BirA is biotin protein ligase in E. coli that selectively adds biotin to a subunit of acetyl-CoA carboxylase. Roux et al. created a mutant BirA that isn’t selective to its native substrate and will instead biotinylate any proteins that are close-by. This allows for identification of protein-protein interactions in eukaryotic cells by creating a fusion protein of BirA and a protein of interest that will biotinylate proximal proteins, which can then be captured and identified. Protein identification utilizes the strong association of biotin and streptavidin (or avidin) to capture proteins that have been biotinylated by BirA, followed by mass spectroscopy to identify biotinylated proteins.

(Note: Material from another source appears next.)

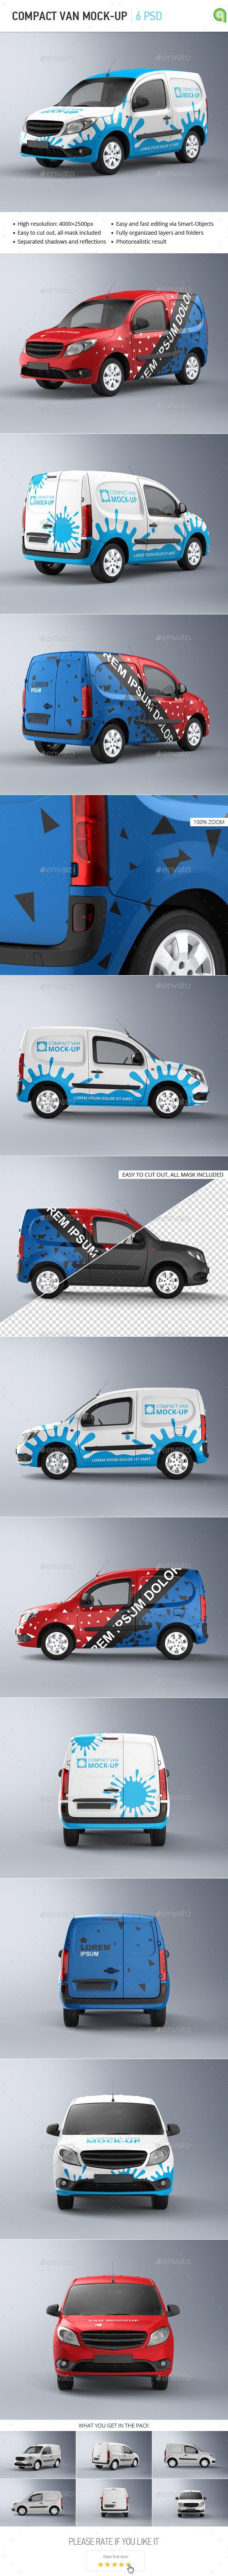 Car sticker design psd - Car Sticker Design Psd 27
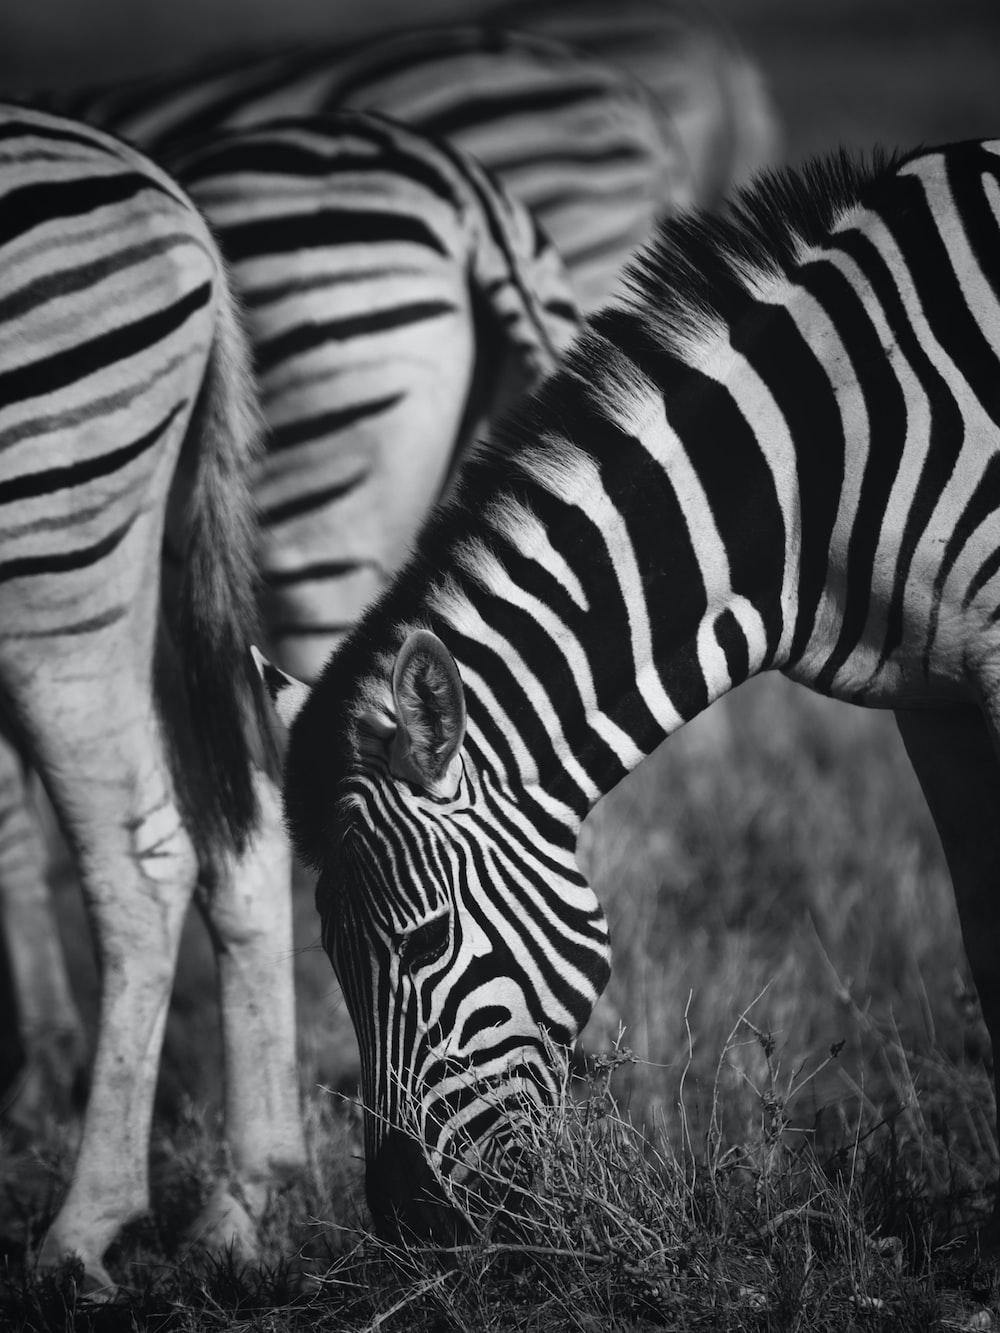 zebra standing on brown grass field

Figure 1. Schematic of BioID assay from Roux et al. 2012.
I am investigating the protein interactions of an actin-microtubule crosslinking protein coded by the gene SPECC1L (with an ortholog known as “split discs” in Drosophila). Mutations in SPECC1L have been identified in a number of diverse cases of orofacial cleft, and thus knowledge of protein-protein interactions by the product of SPECC1L is particularly important to understanding the developmental basis of this set of conditions.
To this end, I am using a BirA-split discs construct to investigate what proteins split discs interacts with in vivo in Drosophila. This construct will ideally biotinylate proteins that split discs typically interacts with, without excessive non-target biotinylation and without affecting the behavior or split discs. I will then capture biotinylated proteins using the biotin-streptavidin interaction and identify using mass spectrometry.
References:
Roux KJ, Kim DI, Raida M, Burke B. A promiscuous biotin ligase fusion protein identifies proximal and interacting proteins in mammalian cells. The Journal of Cell Biology. 2012;196(6):801.